• [EXERCISE DIRECTIONS]
What is needed is every line from the one holding "BLOHM UND VOSS" to the last line of the data below, printed exactly and without pictures.

• [DATA EXCERPT]
==================================================

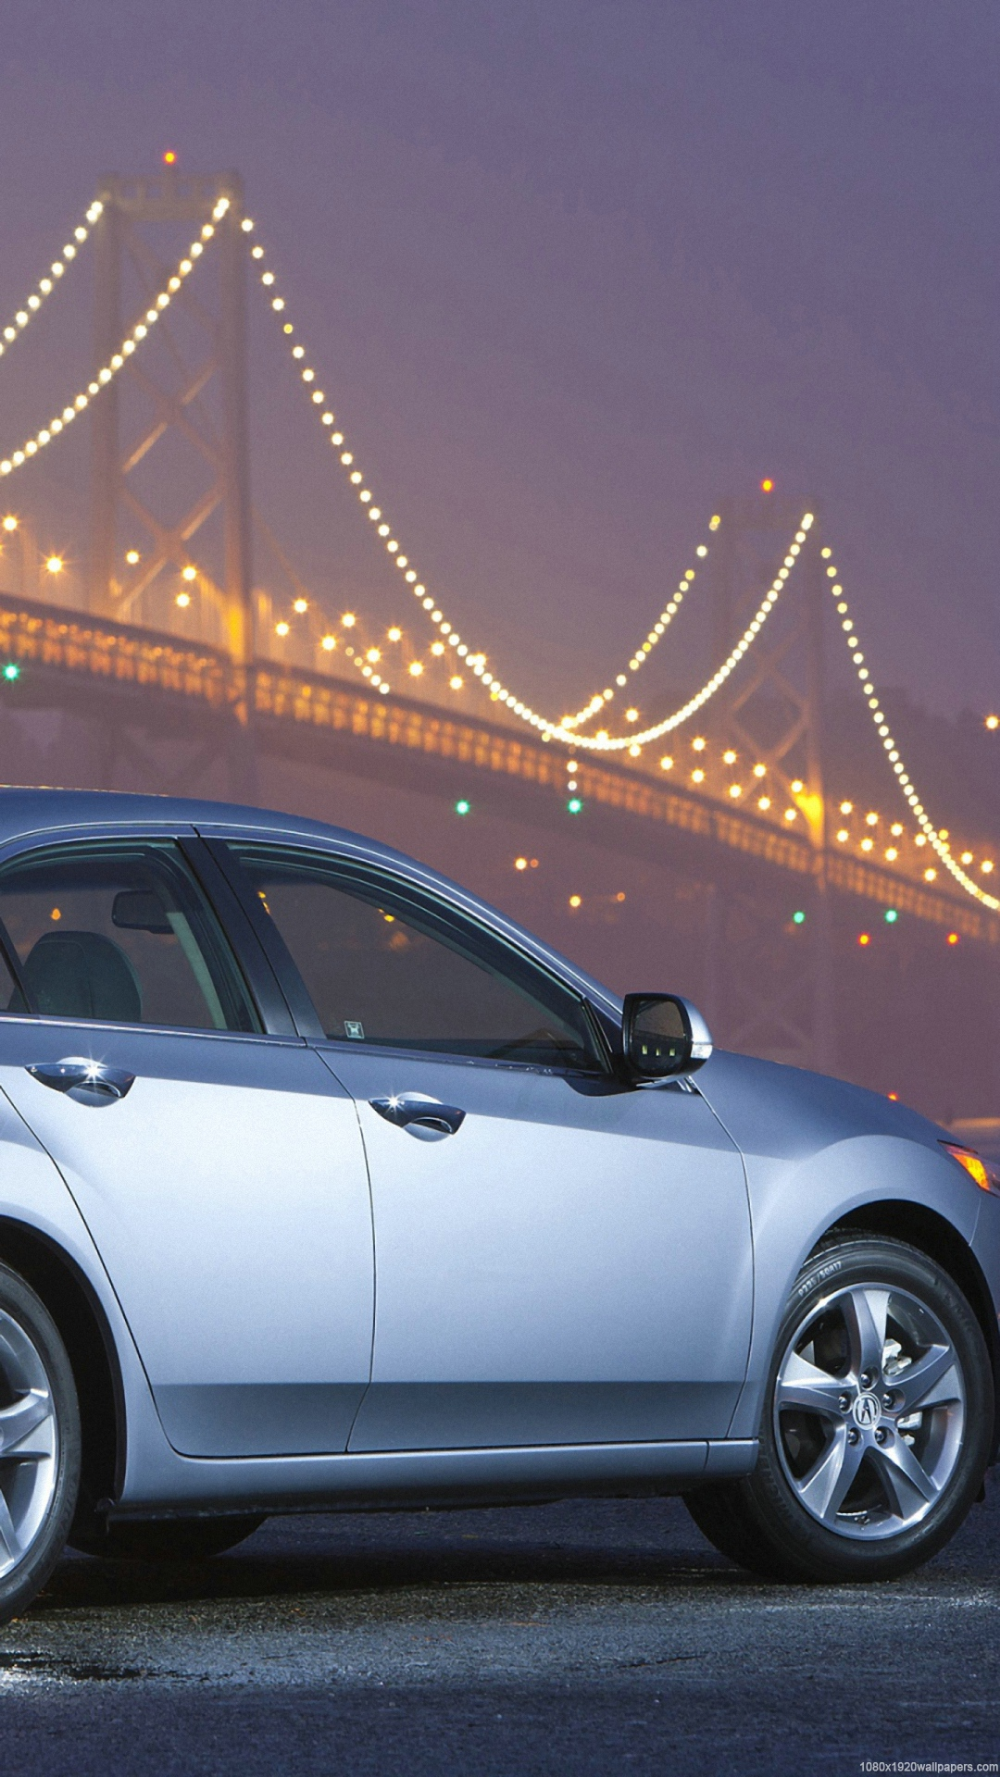 1080x1920 Blue Car Acura Metal Bridge View Fonds D Ecran Hd View Wallpaper Blue Car Acura Car
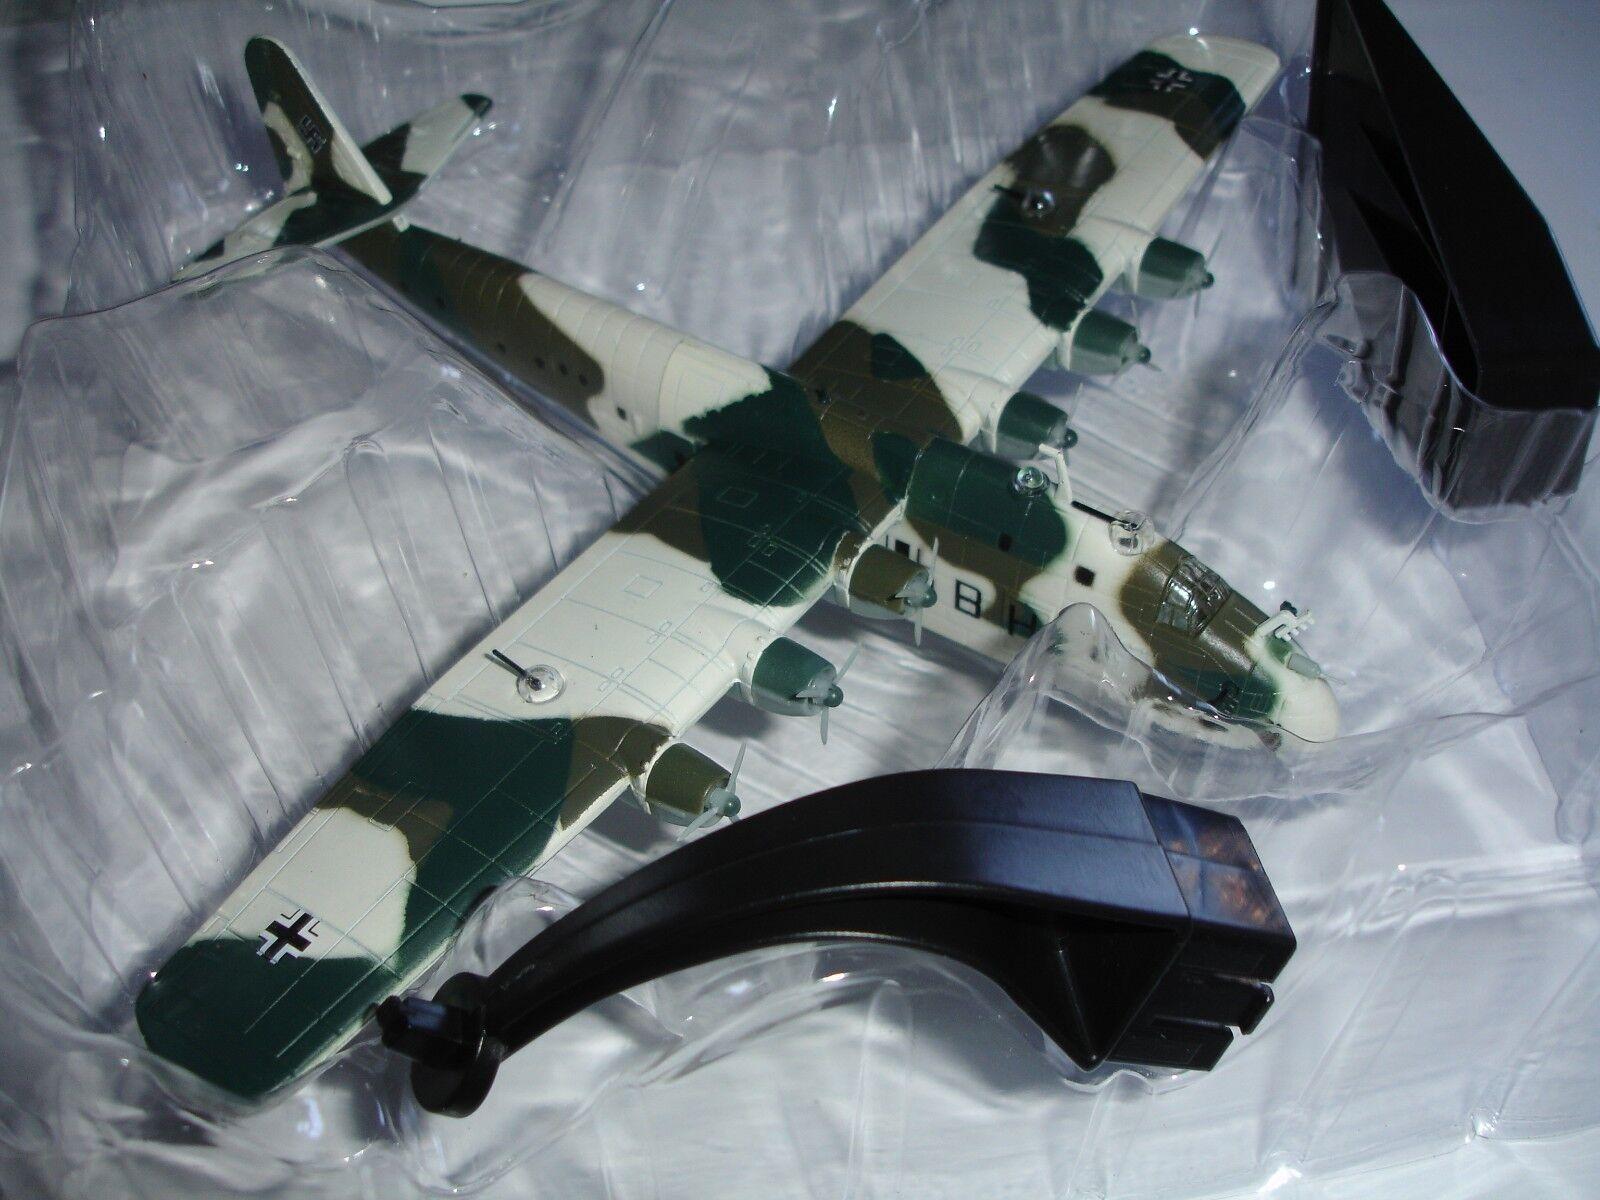 BLOHM UND VOSS BV 222 V2 WIKING,1944 1 200 200 200 SCALE DIE-CAST MODEL a945f7
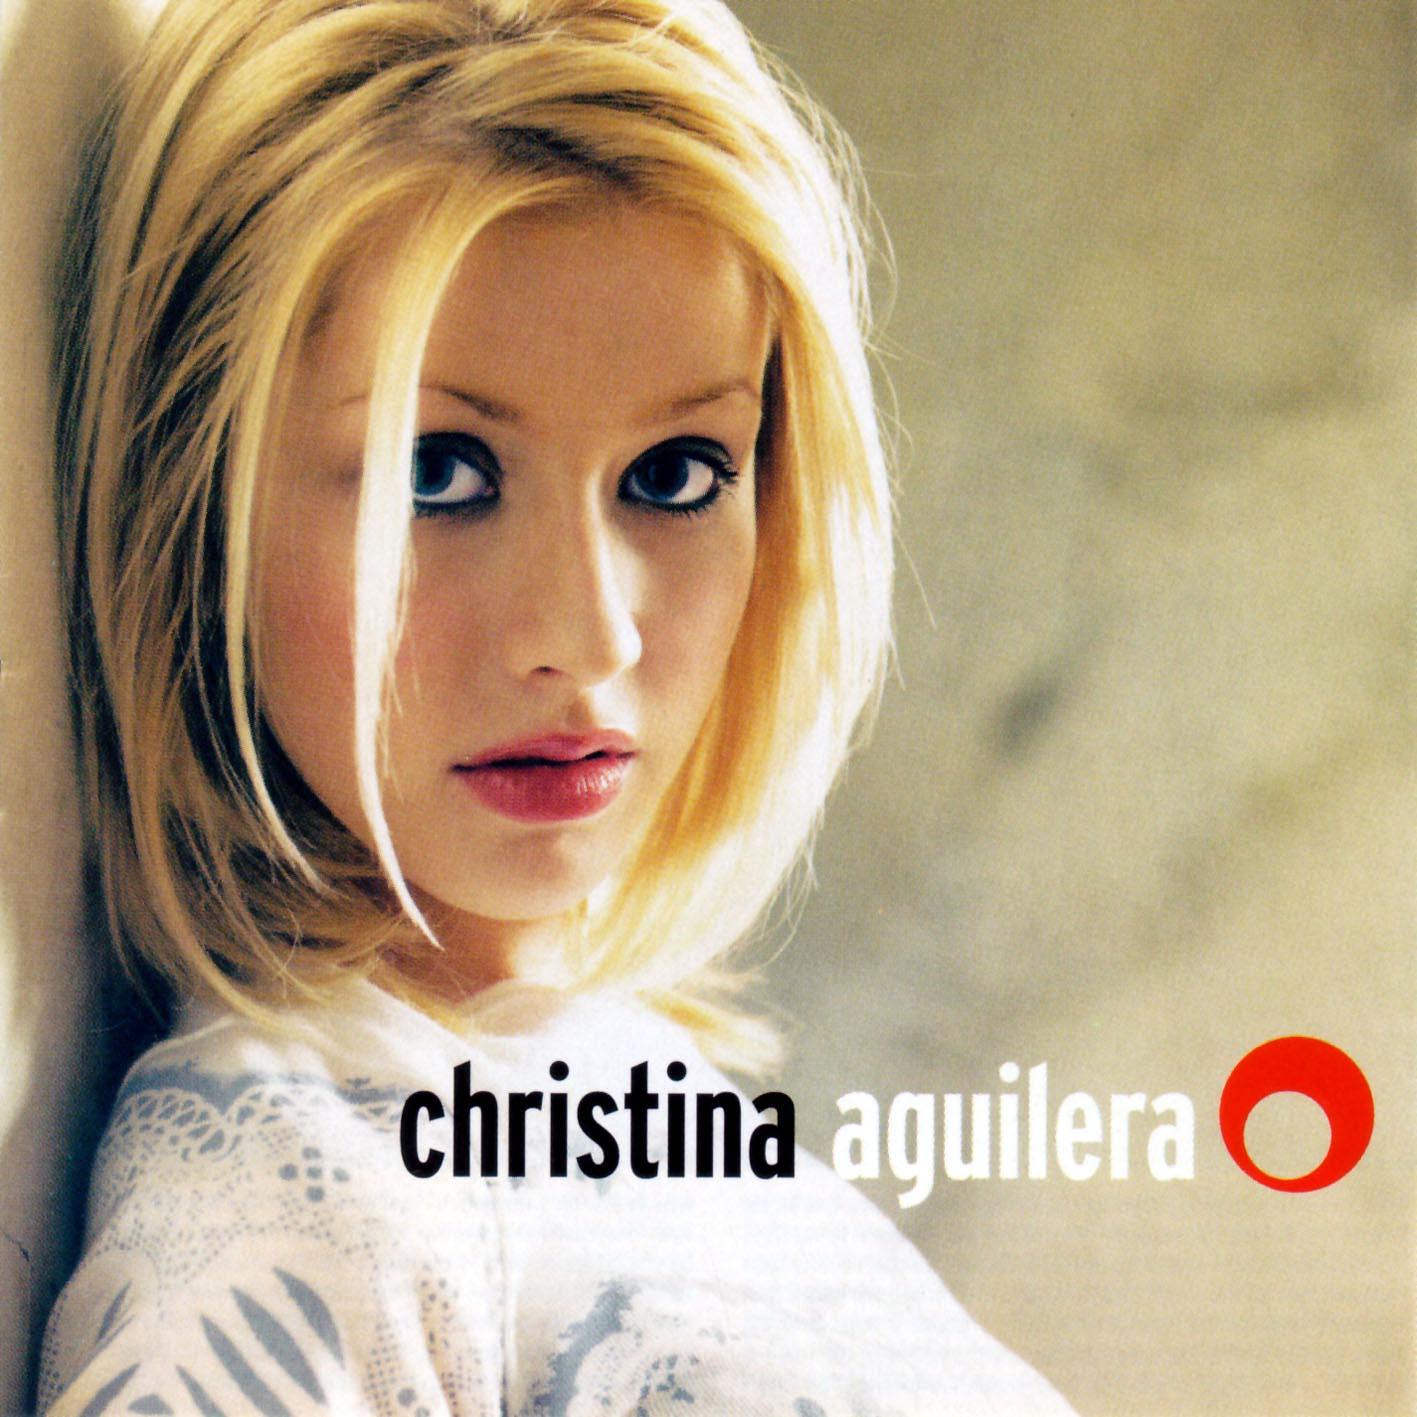 Cristina Aguilera Teen 118
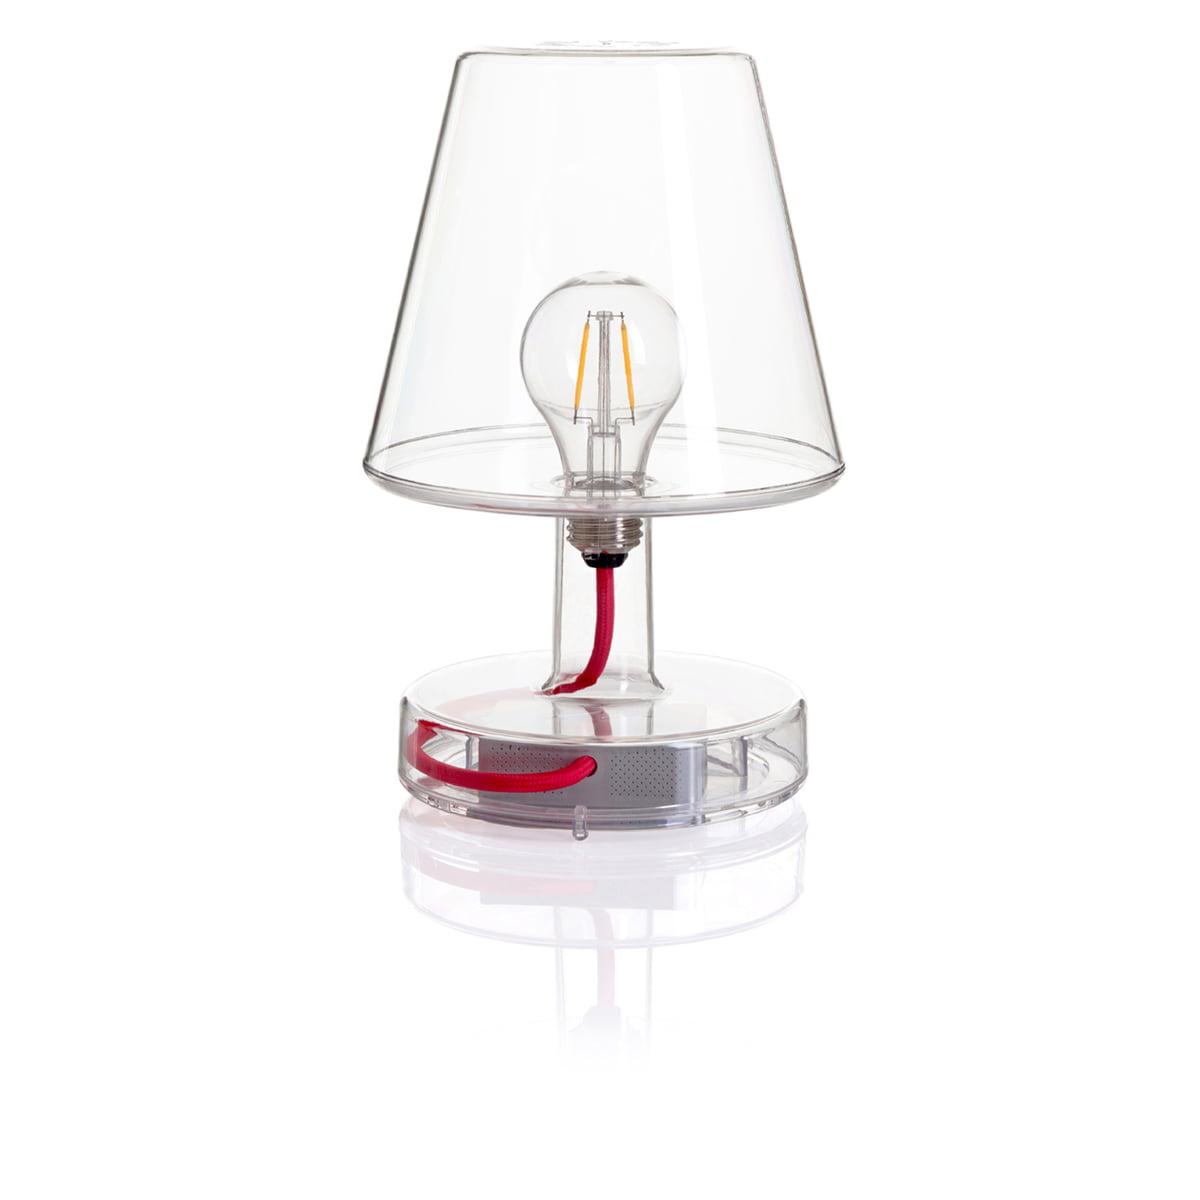 Lampe De Table Transloetje De Fatboy

==================================================

• [EXPECTED ANSWER]
 BLOHM UND VOSS BV 222 V2 WIKING,1944 1 200 200 200 SCALE DIE-CAST MODEL a945f7
 Cristina Aguilera Teen 118
 Lampe De Table Transloetje De Fatboy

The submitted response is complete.